Spark Inside say the programme is timely as it supports the recent shift in youth justice policy and practice to “child first” principles. In 2019, the Youth Justice Board published updated standards for services that focus on prioritising the needs of young people and their potential, build on individual’s strengths and capabilities, develop a pro-social identity for sustainable desistance from crime, and encourage participation and engagement from the young person.

“In policy terms, the non-directive approach and one-to-one support ensures we remain ‘child-first’,” explains Cardwell. “This means factors like developmental maturity can be identified and responded to, protecting the rights of the child.”

Long-term solutions

Spark Inside says life coaching is a “hidden tool” of increasing interest to youth justice services as they find long-term solutions for young people facing complex problems, and expects the number of participants in the pilot to rise as more YOSs join the programme.

Andrew Hillas, head of Southwark YOS, says: “The pilot is a great opportunity to support our young people to appreciate their own strengths and capacity for change, and we expect that to reflect positively in helping us as a service to avoid first-time entrants into the criminal justice system.

“We’re also focused on having strong ‘exit-plans’ for young people already on our caseloads, and we believe that the pilot’s one-to-one approach is a great strength there; desistence theory and wider research approaches are clear that long-term change is grounded in supportive relationships.”

Hillas believes professional life coaches can have a significant impact on young people.

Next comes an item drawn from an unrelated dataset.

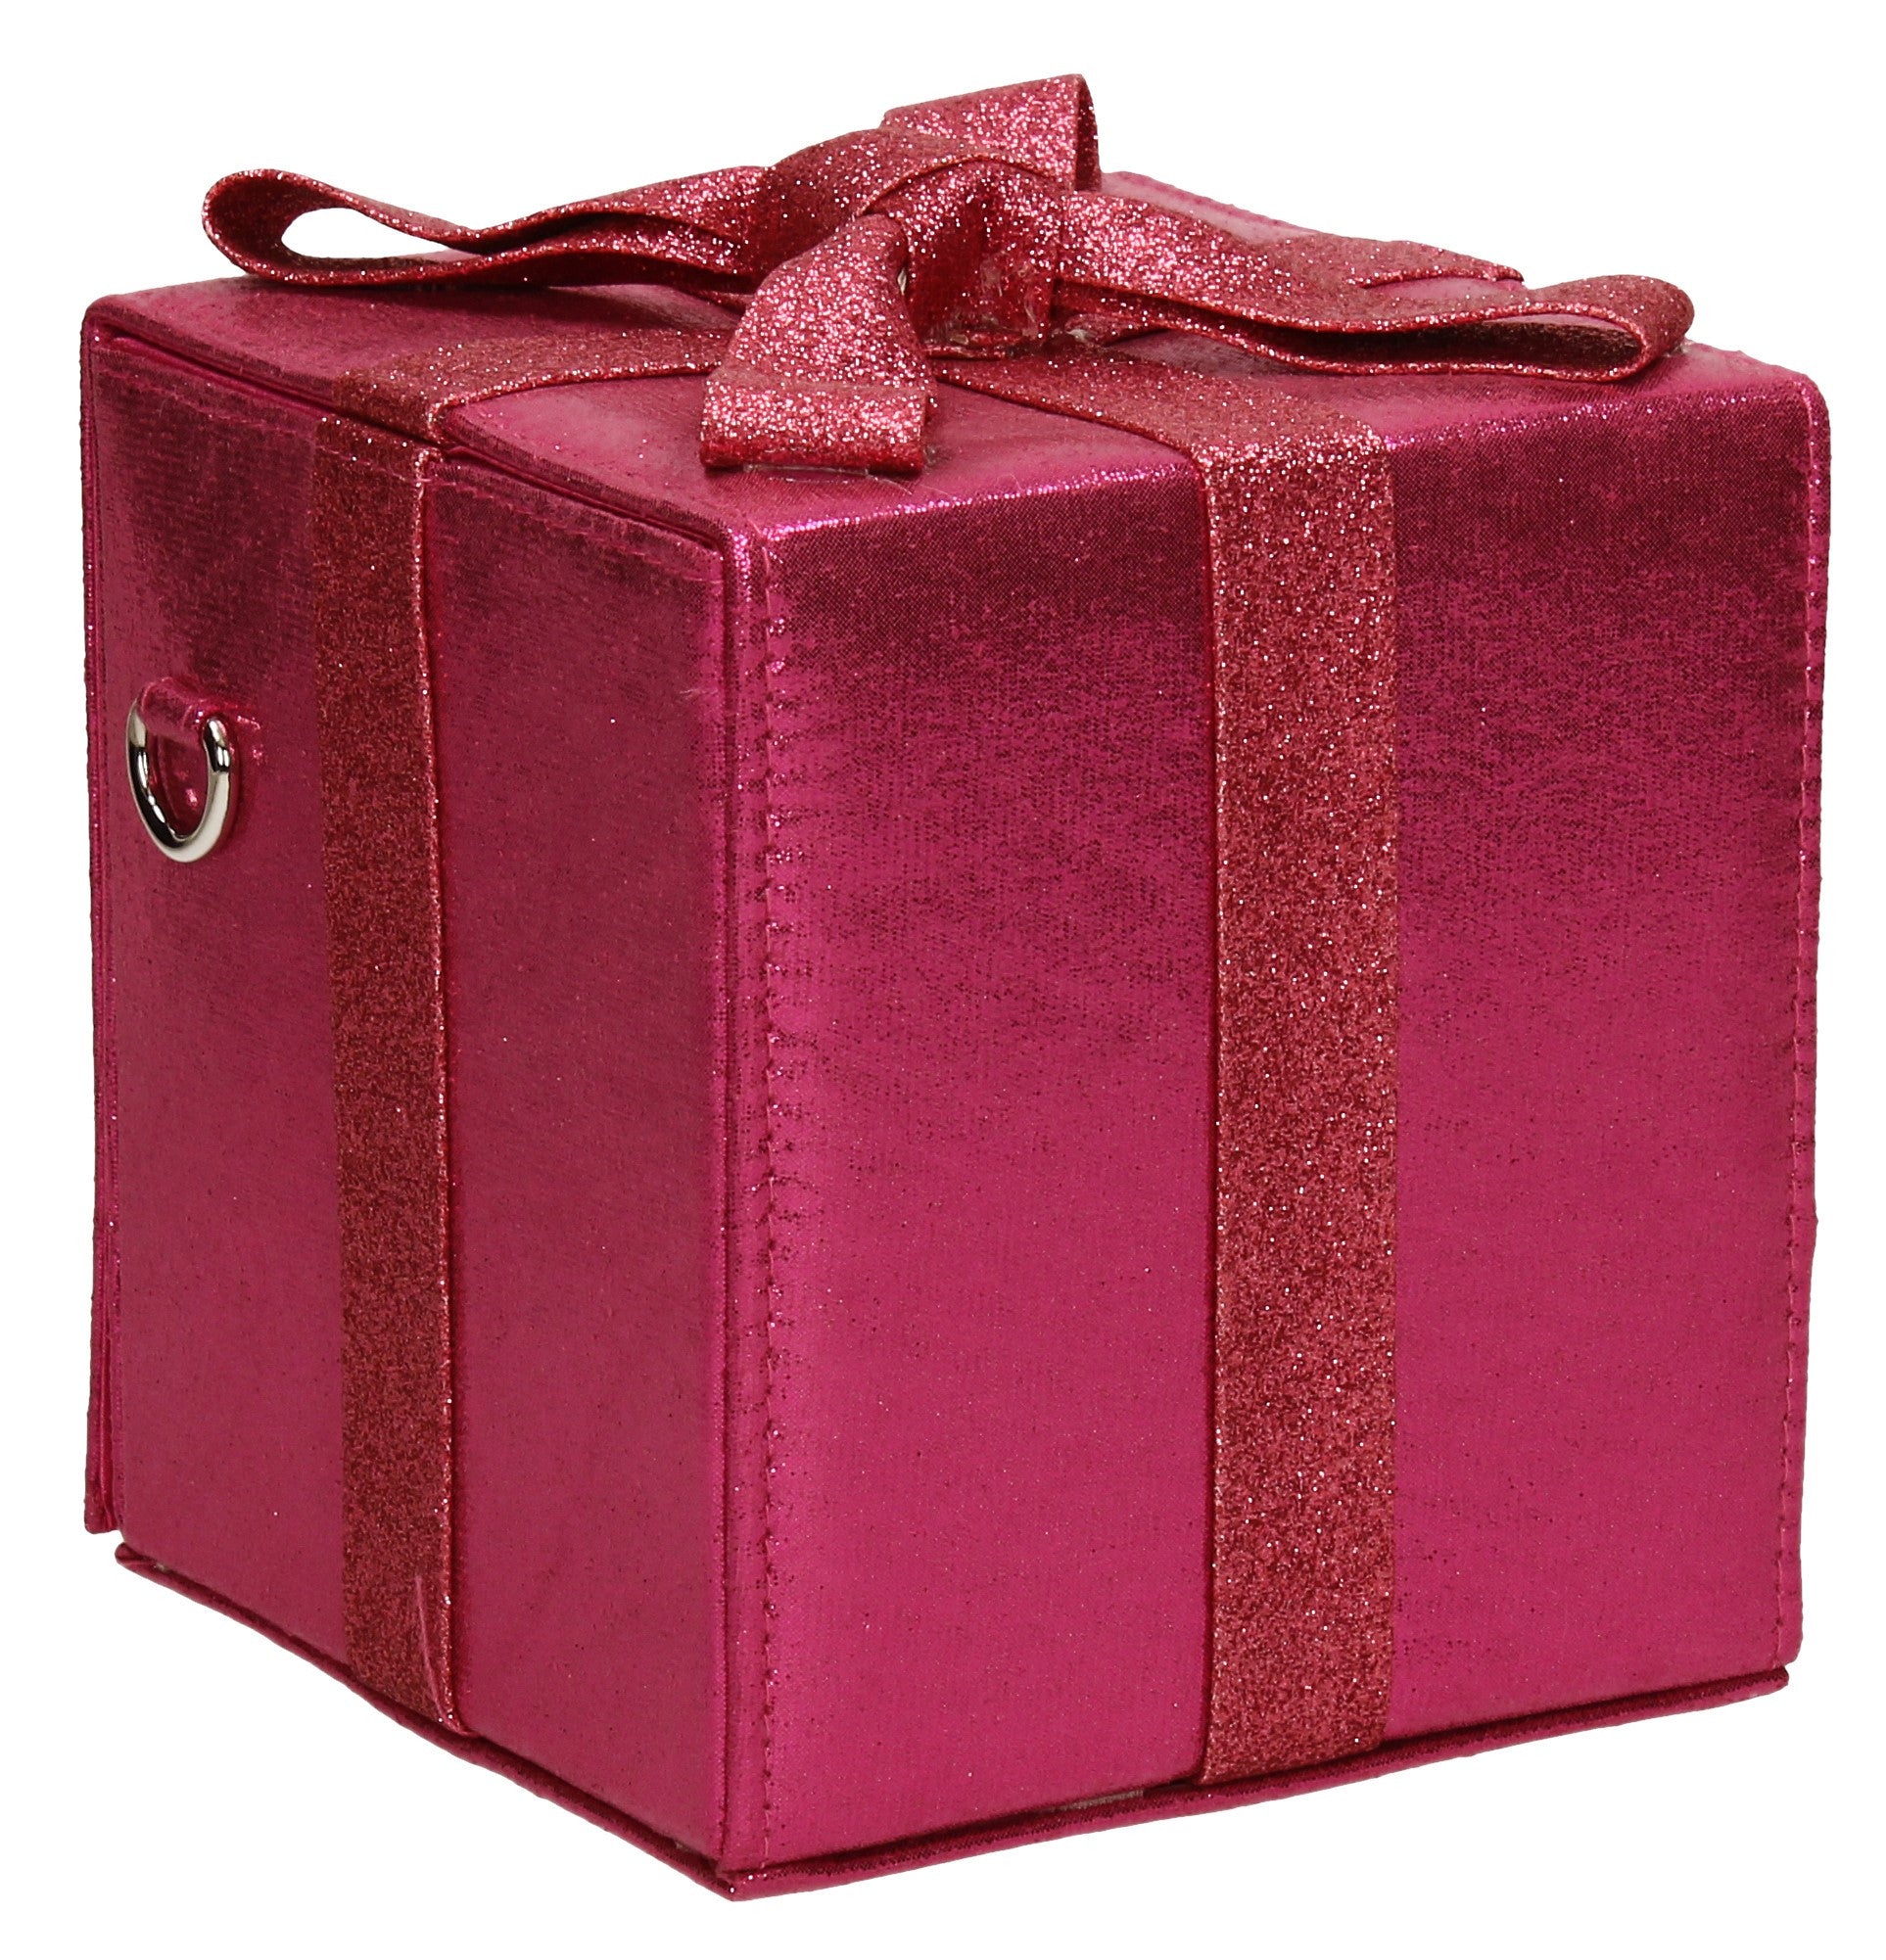 SWANKYSWANS Sara Clutch Bag Rose Cute Cheap Clutch Bag For Weddings School and Work

“We have a volunteer mentoring service, which we greatly value, but we believe in the quality of the programme structure and its coaches – and that quality will be reflected in the results of the pilot,” he says. “That will contribute to keeping our young people out of the criminal justice system in the first place, or helping them develop a sense of themselves that allows them to grow social capital and flourish out in the world.”

SPARK INSIDE CUSTODY PROGRAMME OUTCOMES

In 2013, Spark Inside launched a 12-month pilot of Hero’s Journey involving eight 15- to 18-year-olds in Feltham and Cookham Wood YOIs.

This was commissioned by South London and North East London Resettlement consortia, multi-agency partnerships of youth offending teams, children’s services and others aiming to improve outcomes for under-18s emerging from custody. The consortia referred potential participants to the programme once they were six months away from release.

An independent evaluation found just one of the eight participants had been re-convicted a year after release. This was for a minor offence breaching probation conditions. Meanwhile, all eight were actively engaged in education, employment or training.

A subsequent three-year independent evaluation of Hero’s Journey from 2016-19 found that life-coaching made a clear, positive impact on the lives of over 350 young men in prison. Decision making and problem-solving improved by eight per cent.